Some of what made the case so toxic was clear. The general claim those opposed to the termination of feeding seemed to be making, for the absolute value of life, could be applied as well to fetuses. (It could also be applied to the death penalty, but the politics of the pro-life movement have not encouraged this seamless-garment approach.) Yet this specific case, which had to do with whether a healthy woman whose brain was damaged to a catastrophic but still unestablished extent should or should not continue living, was never about abortion alone. It had at its core a virtually unthinkable but increasingly urgent question, one that few on either side of the debate wanted to address aloud.

The question began with the different ways in which we define a life worth living, but it did not stop there. The question had ultimately to do with whether or not there could be occasions when the broad economic and ethical interests of the society at large should outweigh any individual claim to either the most advanced medical attention (which Theresa Schiavo, outside the one procedure at UCSF in 1990, did not have) or indefinite care. This was the question no one on any side of the debate wanted to hear. This was the question conveniently muffled by talk about “right-to-die” and “murderers” and “mullahs,” about the “freak show,” the “circus.”
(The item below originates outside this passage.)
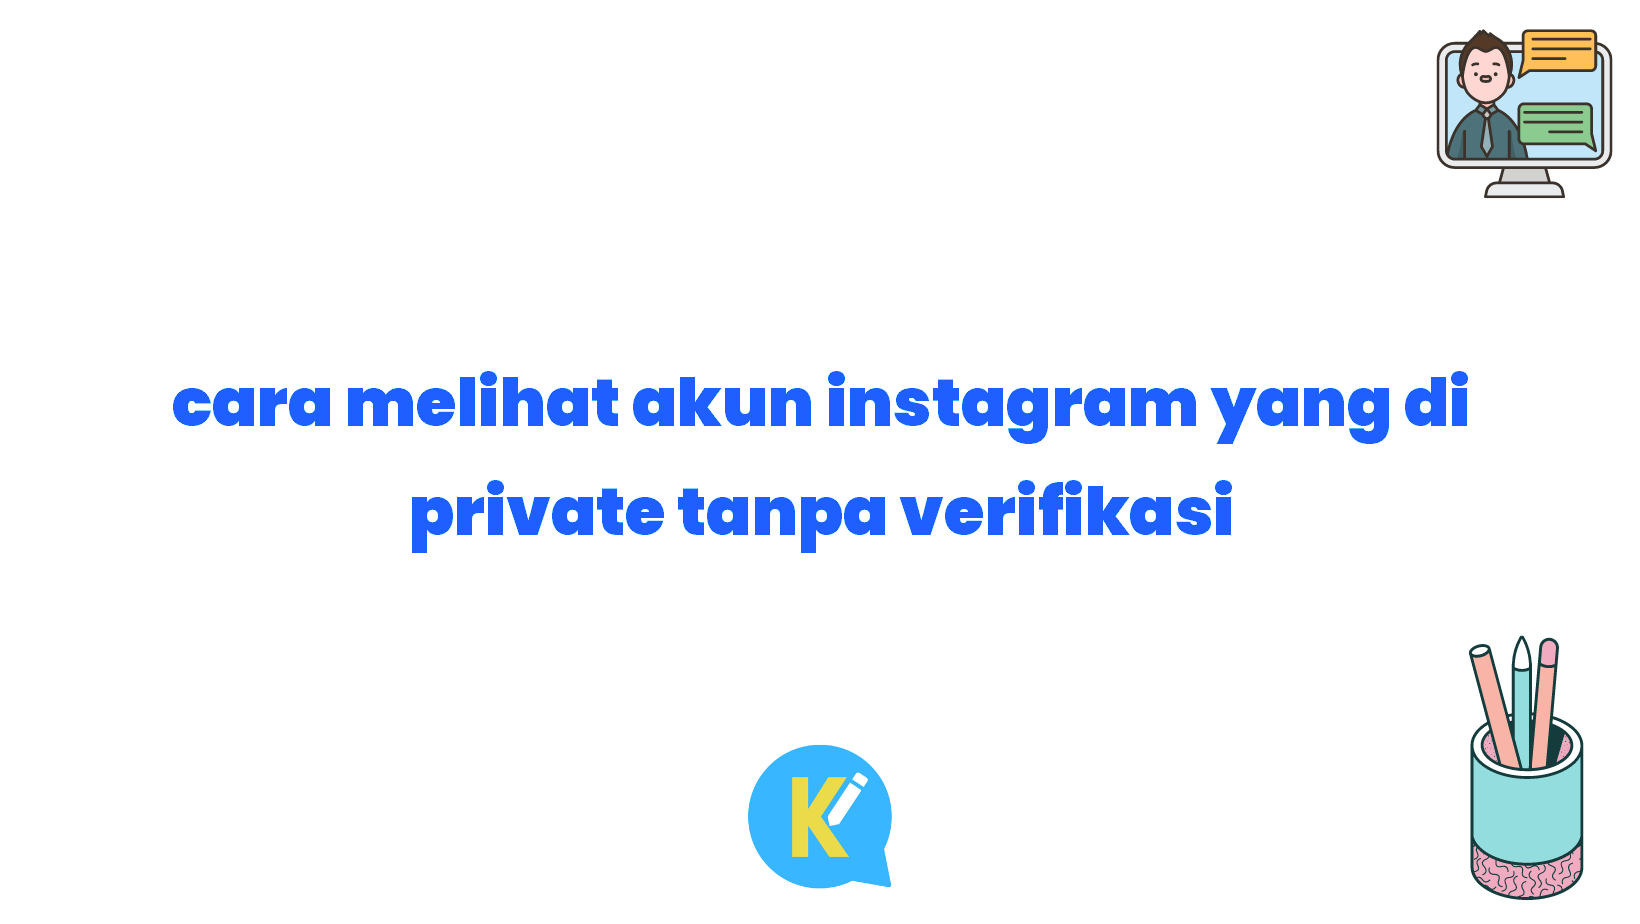 cara melihat akun instagram yang di private tanpa verifikasi
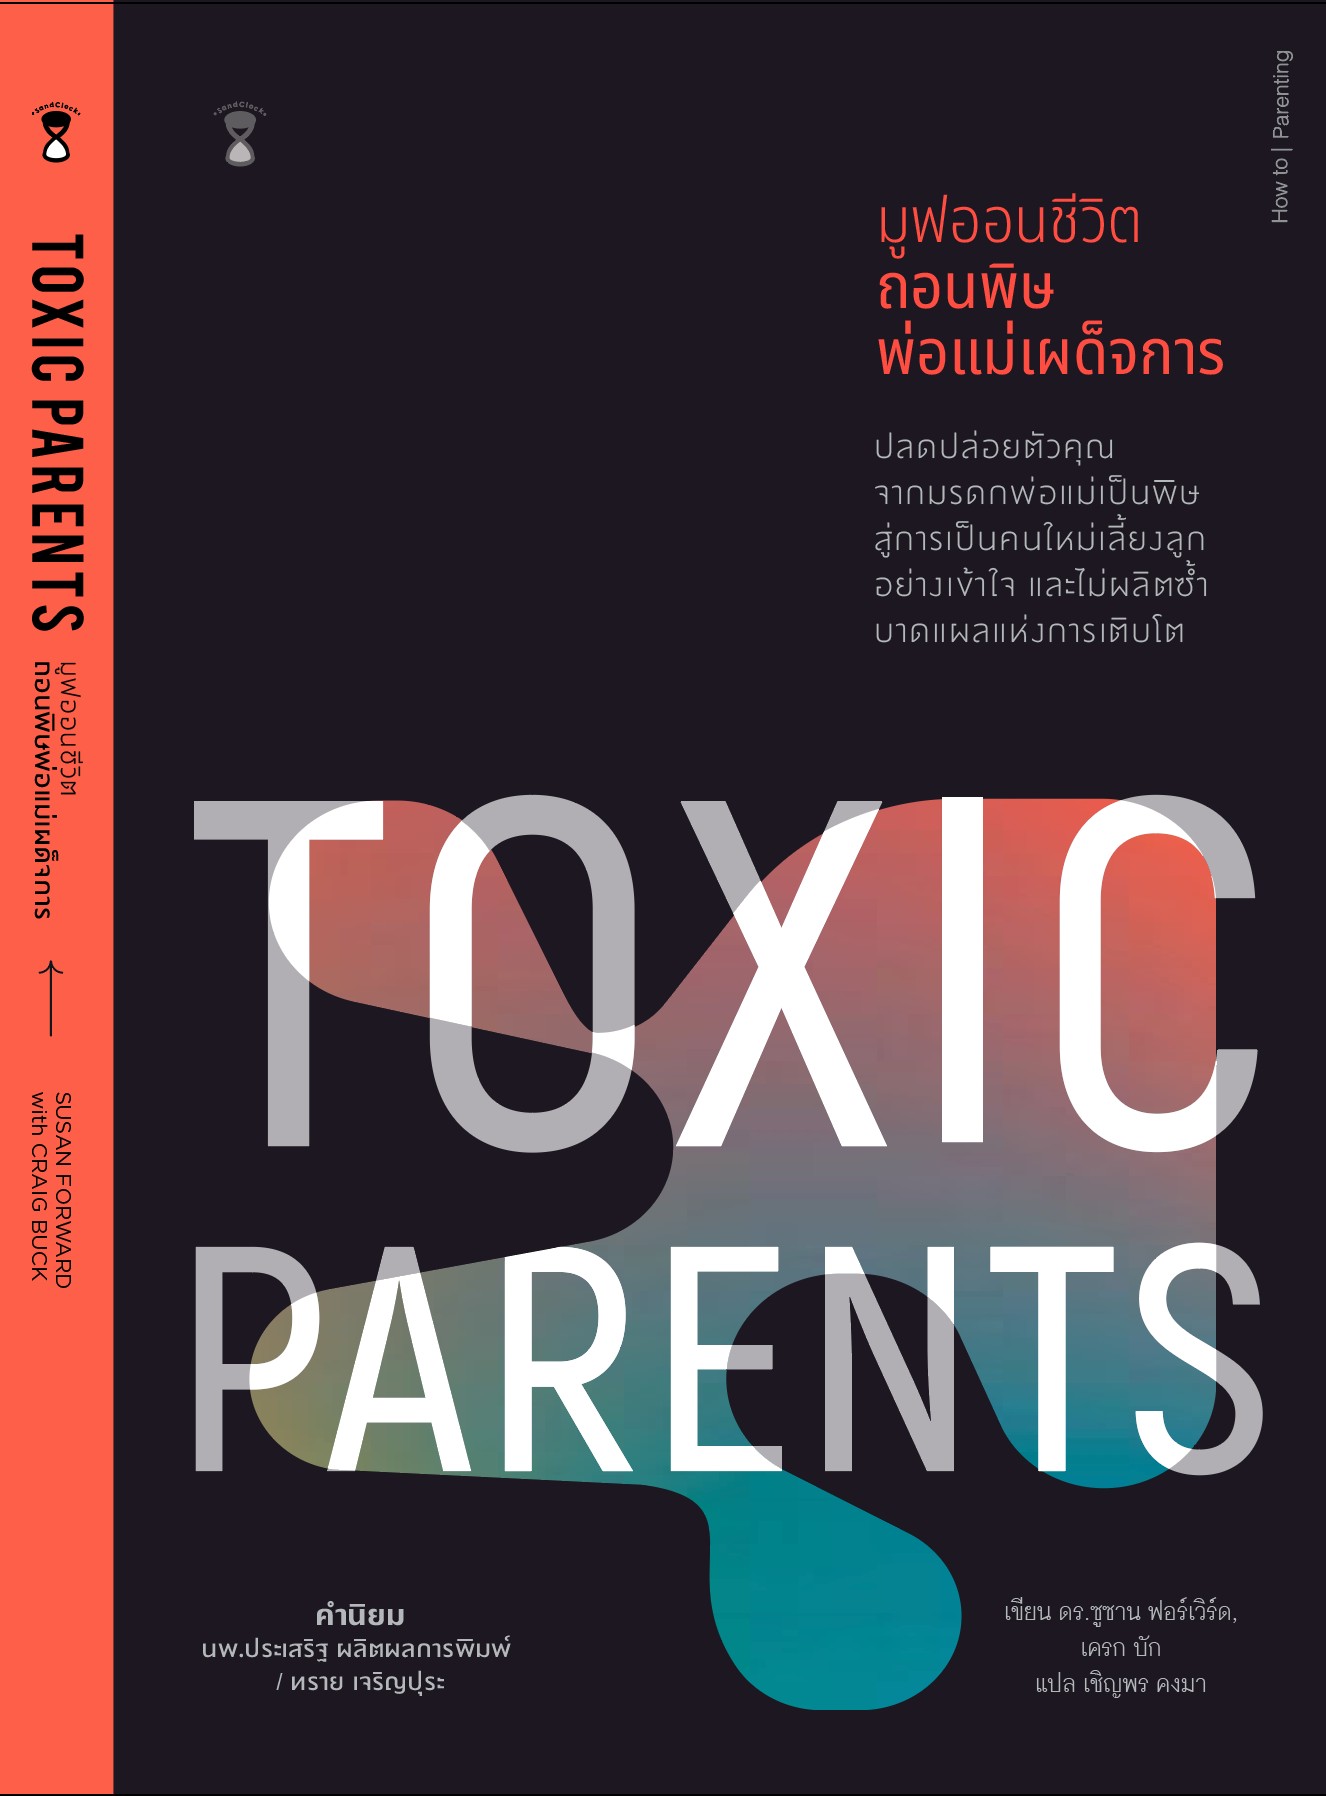 Toxic Parents มูฟออนชีวิต ถอนพิษพ่อแม่เผด็จการ

On the day Theresa Schiavo finally died it seemed clear that the unthinkable question could for the time being remain unthought. Freed of the need to avoid confronting the presence of an actual moral dilemma, all sides could reassume their usual fencing positions. All sides could imagine that by exposing the errors of the opposition, they had advanced the public dialogue. “This is going to be an all-out culture war,” someone said enthusiastically on MSNBC that evening. “Mr. Schiavo’s overriding concern here was to provide for Terri a peaceful death with dignity,” George Felos had said when he appeared before the cameras that day. “This death was not for the siblings, and not for the spouse and not for the parents. This was for Terri.” He had gone on to explain that those present in the room to witness the death that was for Terri (her brother and sister, who were with her earlier that morning, had been ordered to leave the hospice at the request of her husband) were himself, his associate Deborah Bushnell, Michael Schiavo, and Michael Schiavo’s brother Brian, who that evening would swear on Larry King Live that he could never forgive the Schindlers for what they had said about his brother and if anybody didn’t believe his brother had fulfilled Terri’s wishes, “they can pound sand.”

Meanwhile, on MSNBC, John Fund of The Wall Street Journal was being asked to assess “the political fallout” from the death with dignity that had taken place that morning in the presence of the husband who wanted the dying woman dead, his two lawyers, and his hothead brother. “We’re twenty months to the next election,” John Fund said, “so I think the political impact will be limited.”

  1. 2

    Life’s Dominion: An Argument About Abortion, Euthanasia, and Individual Freedom (Knopf, 1993), p. 190.